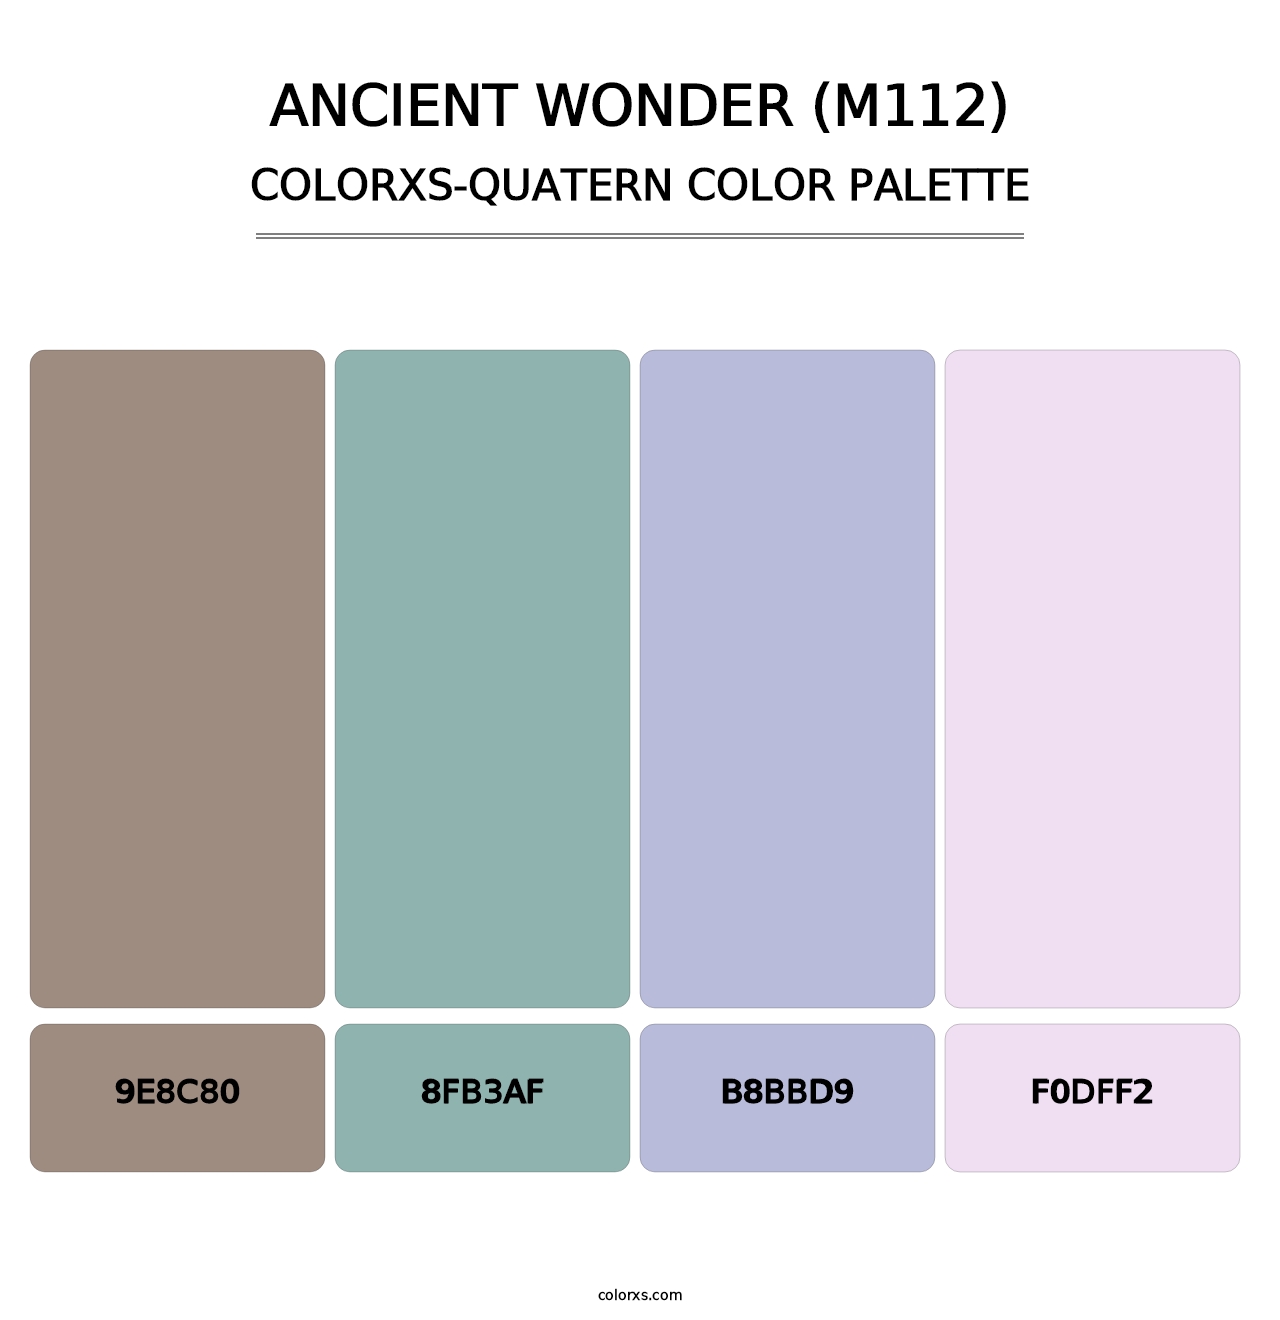 Ancient Wonder (M112) - Colorxs Quatern Palette
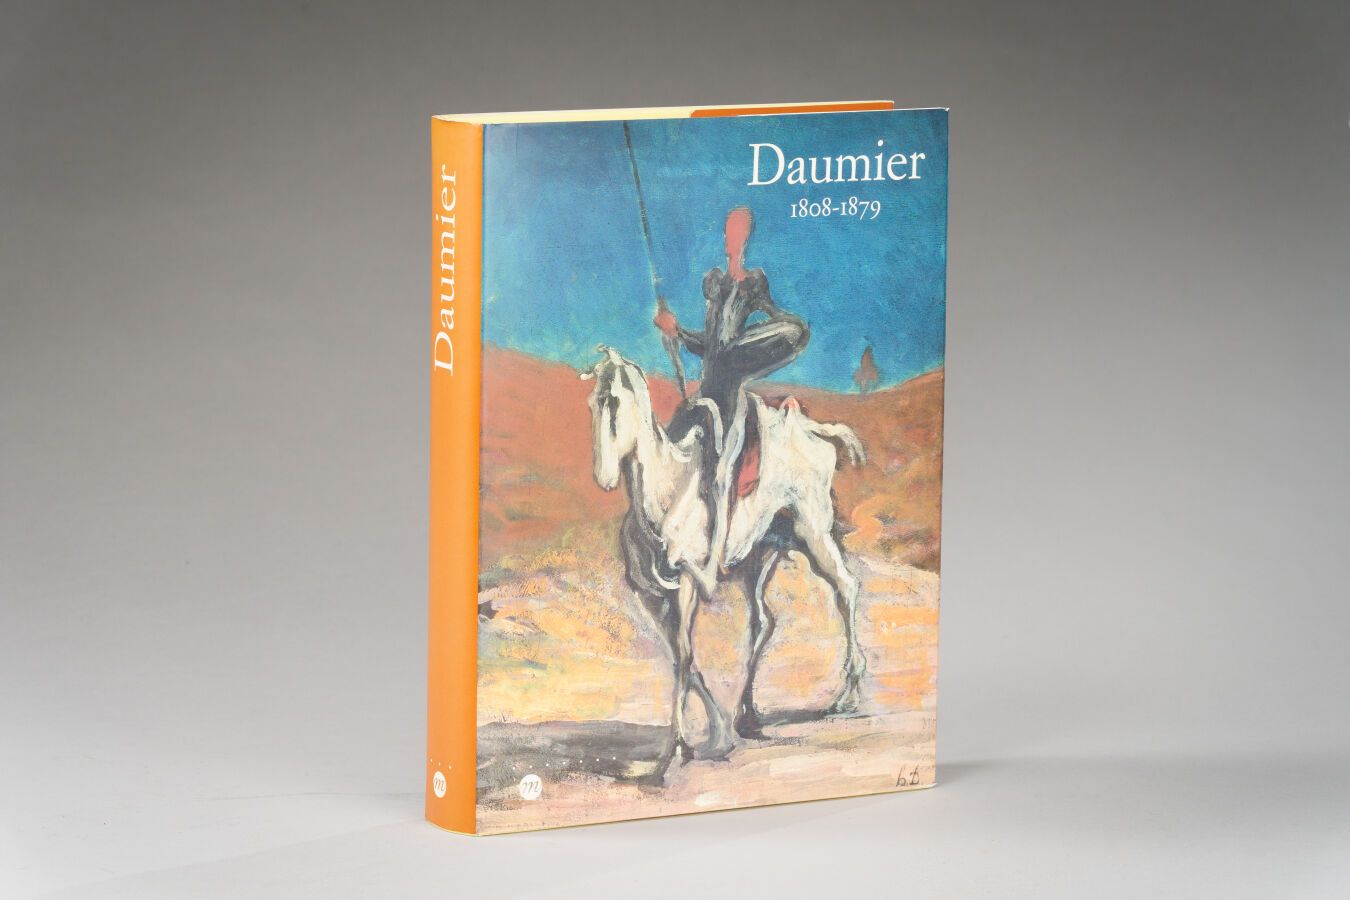 Null 5. DAUMIER, 1808-1879, Riunione dei musei

Nationaux, Parigi 1999, 1 vol.

TASK OBJECTIVE:
The data above should be restated exactly, with its images dropped.

SOLUTION FOR THIS EXERCISE:
 Ancient Wonder (M112) - Colorxs Quatern Palette
 Null 5. DAUMIER, 1808-1879, Riunione dei musei

Nationaux, Parigi 1999, 1 vol.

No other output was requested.